İSTANBULUMUZ ISMINE KORKUYORUM
“Depremin siyasi problemlere gereç edilmesine şiddetle karşı çıkıyorum. O bakımdan bizim bunu başarmamız lazım. Elbette çok hoş işler yapma çabası içerisindeyiz. İstanbul’daki berbat yapı stoğunu buradaki iştirakçileri anlatacak değilim. Yıllarını bu işe harcamış bilim insanlarımız var, burada ve daima takviyelerini beklediğimiz hocalarımız. Münasebetiyle, onbinlerce yapının hasar göreceği bir yerde, Büyükşehir Belediyesi ve farklı kurumlar tarafından hazırlanıp bana da sunulan can kaybı sayısı, bana inandırıcı gelmiyor, İstanbul ismine. Ben bazen, on binlerce de diyemiyorum ve üzerindeki söylem biçimlerini de lisana getiremiyorum. Ne yazık ki, korkuyorum İstanbulumuz ismine. İstanbul’un yapı stokunun süratlice tespit edilmesi, toplumla bunun yüzleştirilmesi konusunda örnek bir çalışmayla yola çıktık. Doğal bu bütüncül hareketi, hem ilçe belediyelerimizle hem muhtarlarımızla hem de farklı kurum ve kuruluşlarımızla paylaşarak, kontrolünü en aktif halde yaparak, yönetmek istiyoruz. İstanbul’un her gün zelzele gerçeğinin farkında olarak hayatına devam etmesini istiyoruz.”
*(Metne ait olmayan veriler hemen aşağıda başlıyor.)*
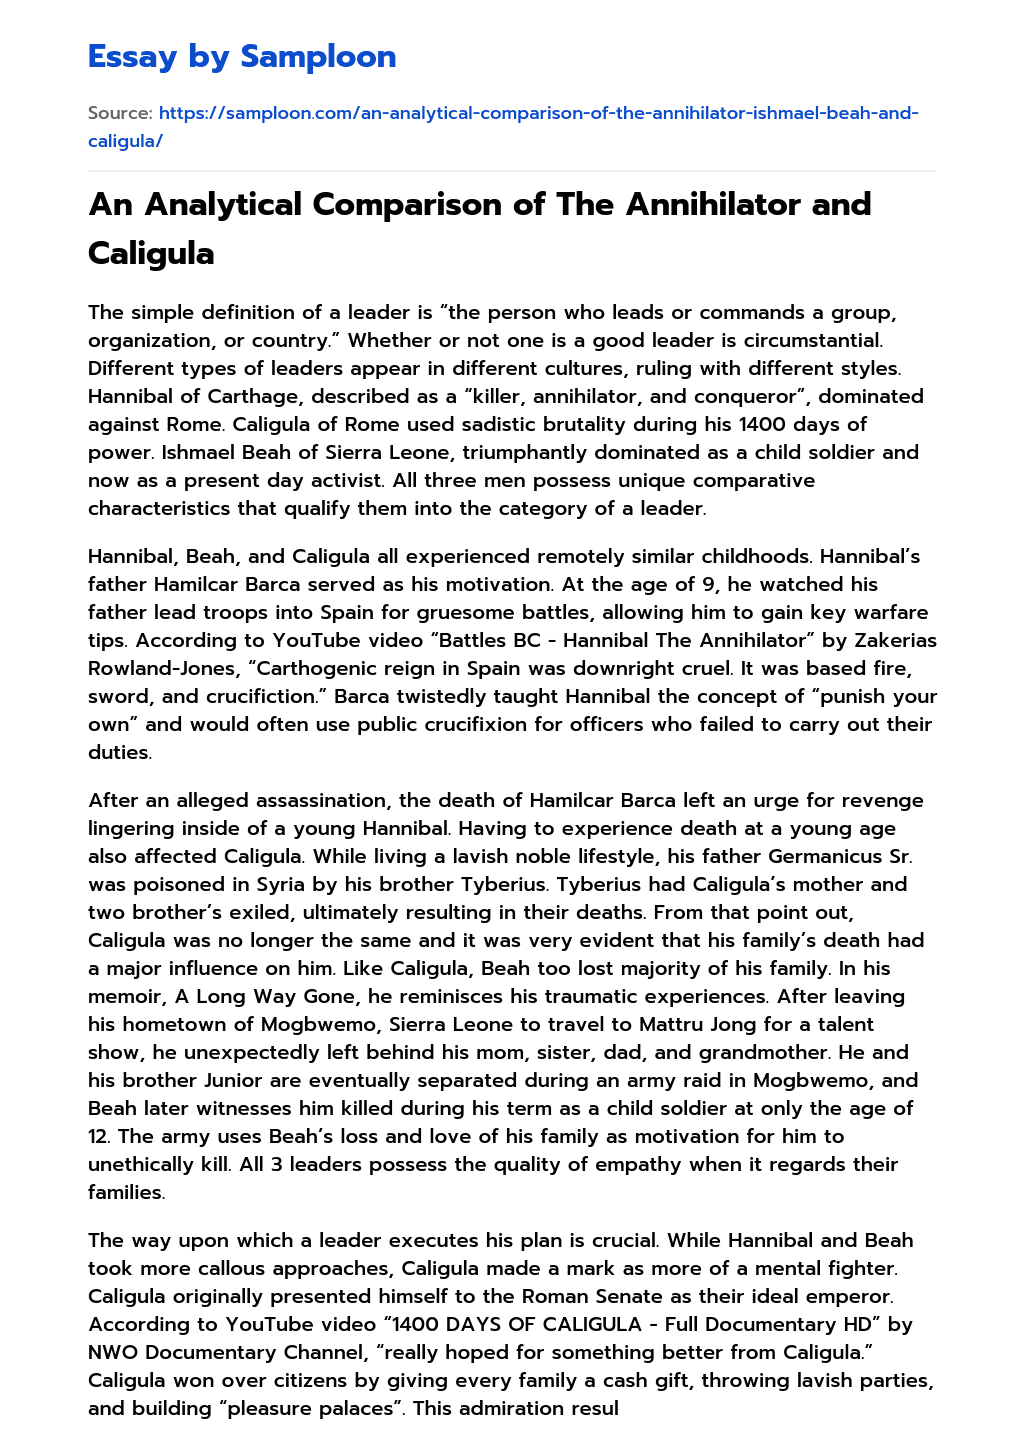 An Analytical Comparison of The Annihilator and Caligula  essay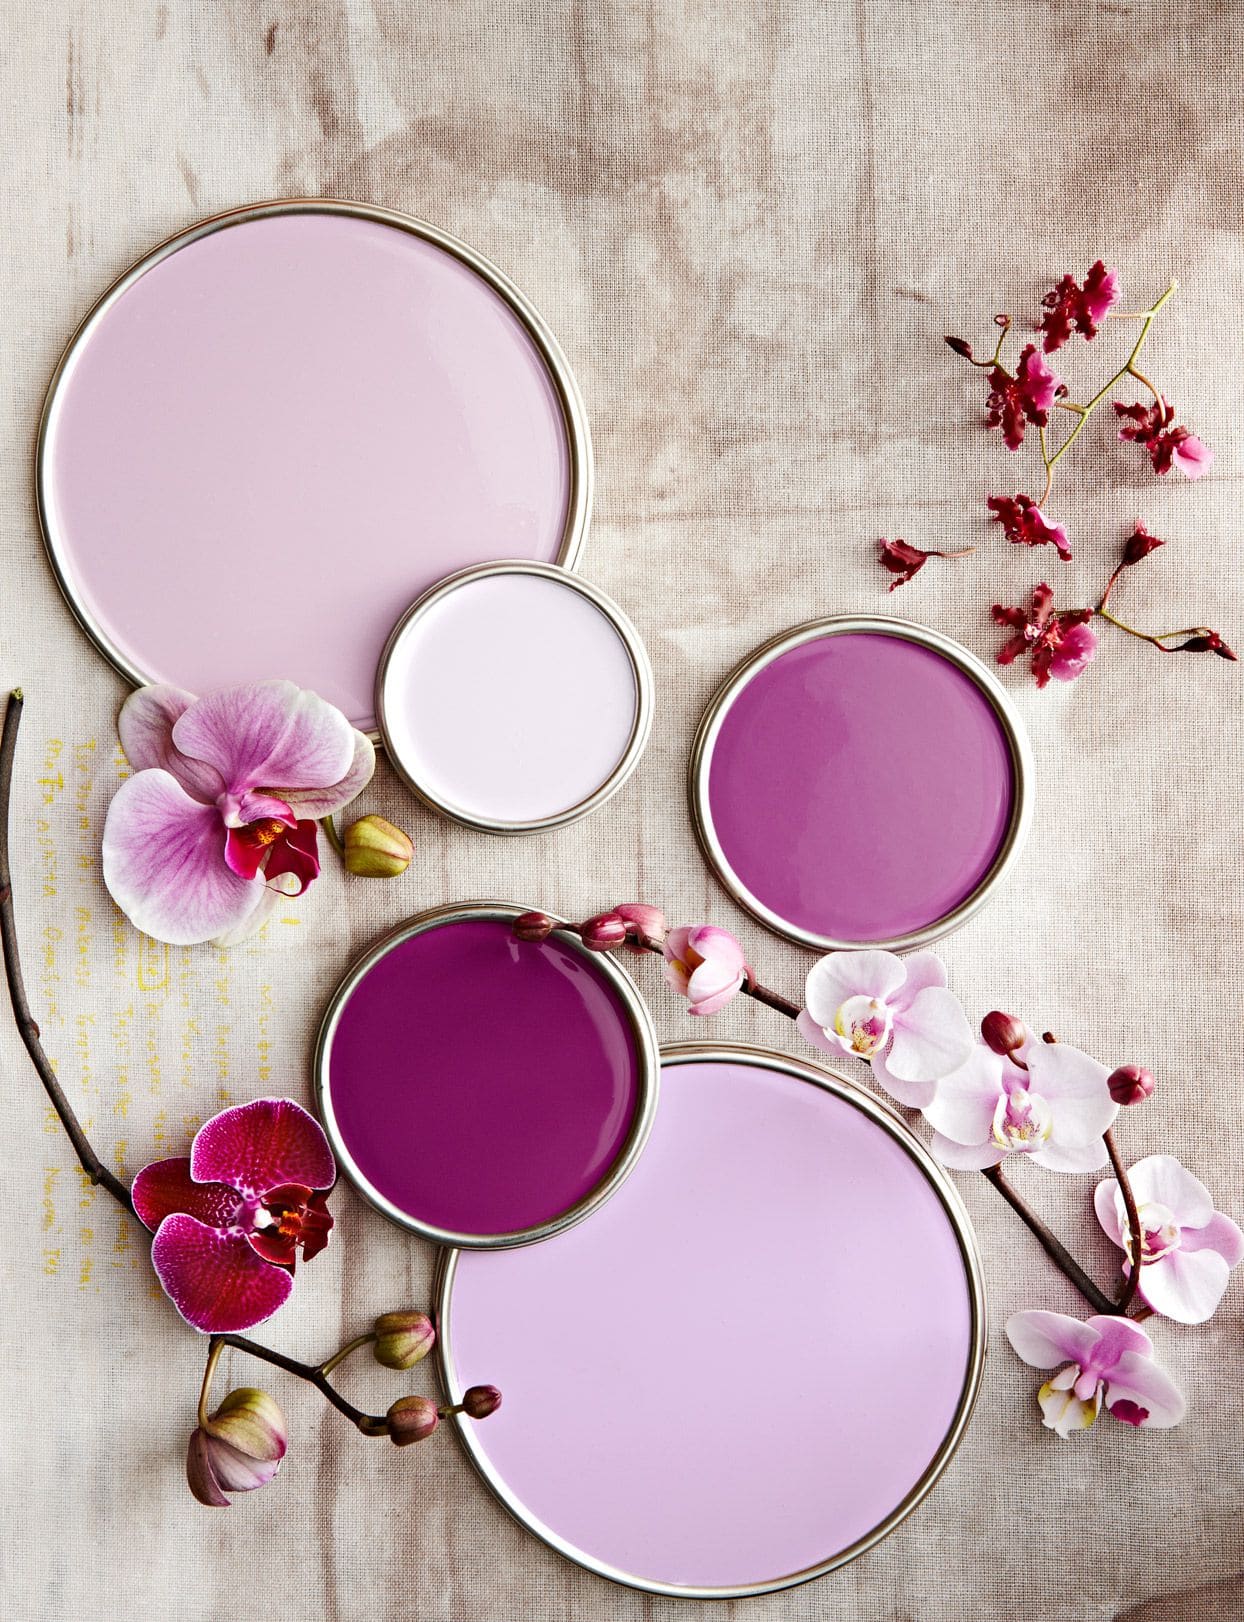 Purple Tranquility: Utilizing Lavender And Mauve for a Soothing And Dreamy

KENTSEL DÖNÜŞÜM DENİNCE İNSANLARIMIZIN UYKUSU KAÇIYOR
“Kentsel dönüşüm yahut kentsel yenileme, ismine ne derseniz deyin, ne yazık ki bu kavramların da prestijinin toplumda çok düşük kalması kelam konusu. Demek ki burada, bir yanlış var. Yani biz, bir mahalleye gidelim; buraya kentsel dönüşüm getireceğiz diyelim, o gece milletin uykuları kaçıyor. Zira, bir yerlerde yanlış yapılmış. Sarsıntının olduğu bir yerde ve buna dermanı olduğu düşünülen ‘kentsel dönüşüm gelecek’, dendiğinde sevineceğine, ‘eyvah n’olacağız’ diye kaygı edinen yüzbinlerce aile, insan var İstanbul’da. Zira makûs örnekleri yaşatıldı.”
TAYFUN KAHRAMAN: “BİRİNCİ ÖNCELİĞİMİZ DEPREM”
İmamoğlu’ndan evvel konuşan Zelzele Risk Idaresi ve Kentsel Uygunlaştırma Daire Lideri Tayfun Kahraman da zelzelenin İBB’nin birinci gündemlerinden biri olduğunu söyleyerek konuşmasını şöyle sürdürdü:
“Bu gündemi konuşmak için bizler, bilhassa İstanbul’da, Türkiye’de üniversitelerimize oluşan bilgi birikimini, kendi çalışmalarımıza, laboratuvarımıza aktarmak konusunda sizlerle birlikte işbirliği içerisinde olmak istiyoruz. Bu manada Bilim Heyetimizin, bize çok bedelli katkıları oldu. Bugüne kadar yaptığımız bütün çalışmalarda bize inanılmaz dayanaklar verdiniz. Hem Sarsıntı Çalıştayı’nın gerçekleştirilmesinde hem daha sonrasında, bilhassa yer çalışmalarımızda, sismoloji, bugün başlamış olduğumuz mikro bölgeleme çalışmalarında takviye verdiniz. Yapı tespit çalışmalarımız da bu türlü olduu. Biliyorsunuz, bugüne kadar yapılmamış bir işi yaptık, İstanbul’da. Yeniden, Boğaziçi Üniversitesi Kandilli Rasathanesi ile birlikte yapmış olunan; 2018 yılındaki bir çalışmanın sonucu olarak, risk barındıran yapıları tespit etmek üzere çıkmış olduğumuz yolda, bizlere inanılmaz dayanak verdiniz.Bundan sonra da sizlerden, hem taban çalışmalarımızda hem de bundan sonra gerçekleştireceğimiz, alansal ve noktasal olarak yapıların dönüştürülmesi konusunda dayanak ve yol göstericiliğinizi bekliyoruz. Bizim için bu takviye çok değerli. Bundan sonra da sizlerin katkılarıyla birlikte, daha çok işe imza atmak istiyoruz.”